The IRS wants to warn you about a new email phishing scam that aims to trick you into opening an attachment that is secretly a Trojan Horse. the Trojen Horse that can give control of your computer over to the scammers. You, obviously, do not want this to happen.
From the IRS:
The e-mail purporting to be from IRS Criminal Investigation falsely states that the person is under a criminal probe for submitting a false tax return to the California Franchise Board. The e-mail seeks to entice people to click on a link or open an attachment to learn more information about the complaint against them. The IRS warned people that the e-mail link and attachment is a Trojan Horse that can take over the person’s computer hard drive and allow someone to have remote access to the computer.
The IRS urged people not to click the link in the e-mail or open the attachment.

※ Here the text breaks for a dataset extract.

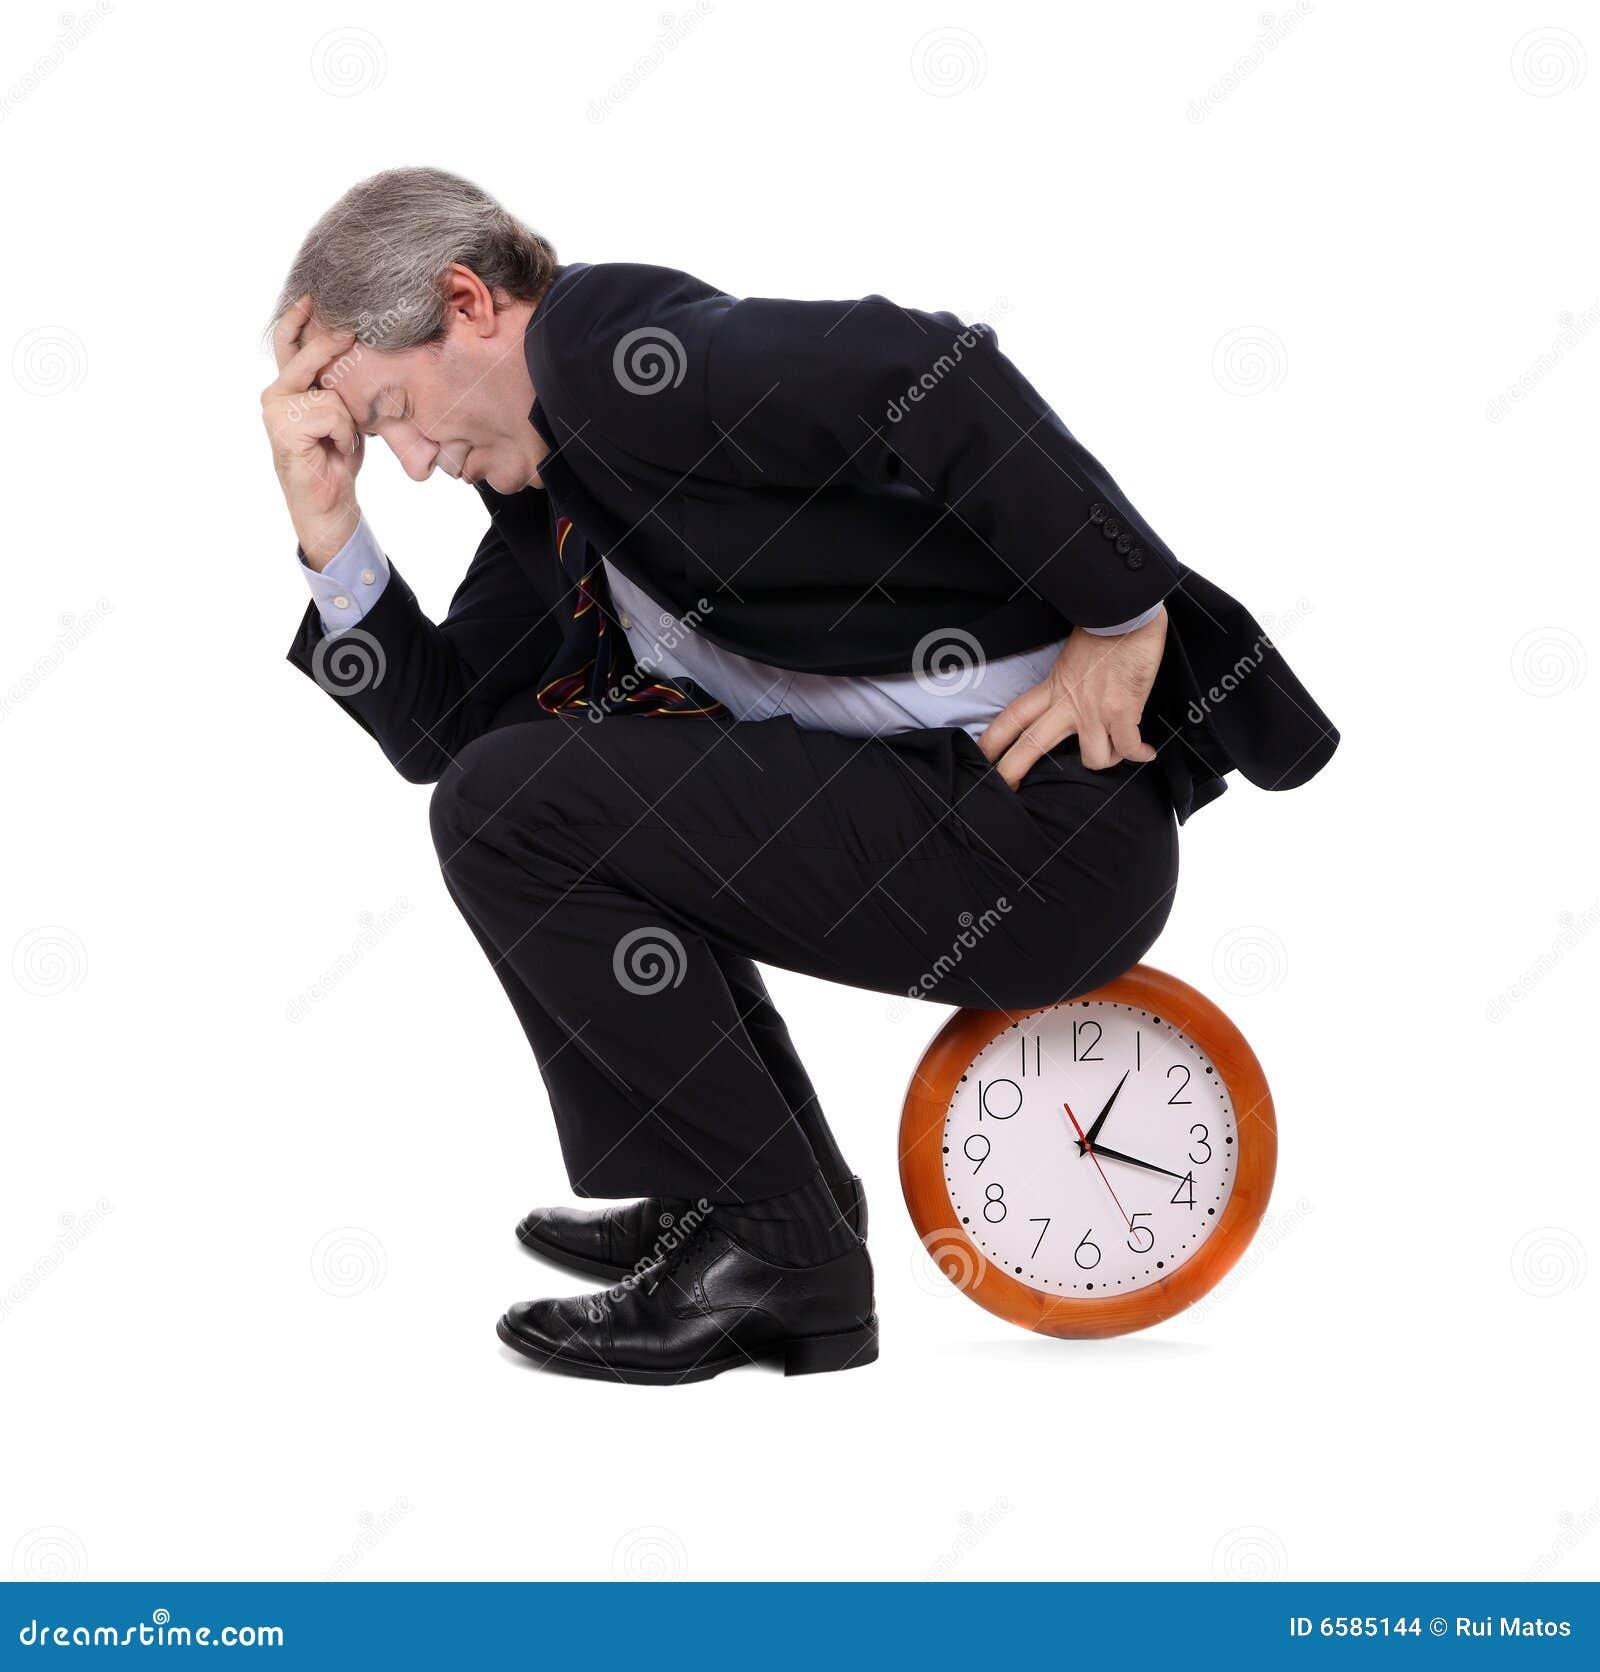 Espera do homem de negócios assentada em um pulso de disparo

Similar e-mail variations suggest a customer has filed a complaint against a company and the IRS can act as an arbitrator. The latest versions appear aimed at business taxpayers as well as individual taxpayers.
The IRS does not send out unsolicited e-mails or ask for detailed personal and financial information. Additionally, the IRS never asks people for the PIN numbers, passwords or similar secret access information for their credit card, bank or other financial accounts.
“Everyone should beware of these scam artists,” said Kevin M. Brown, Acting IRS Commissioner. “Always exercise caution when you receive unsolicited e-mails or e-mails from senders you don’t know.”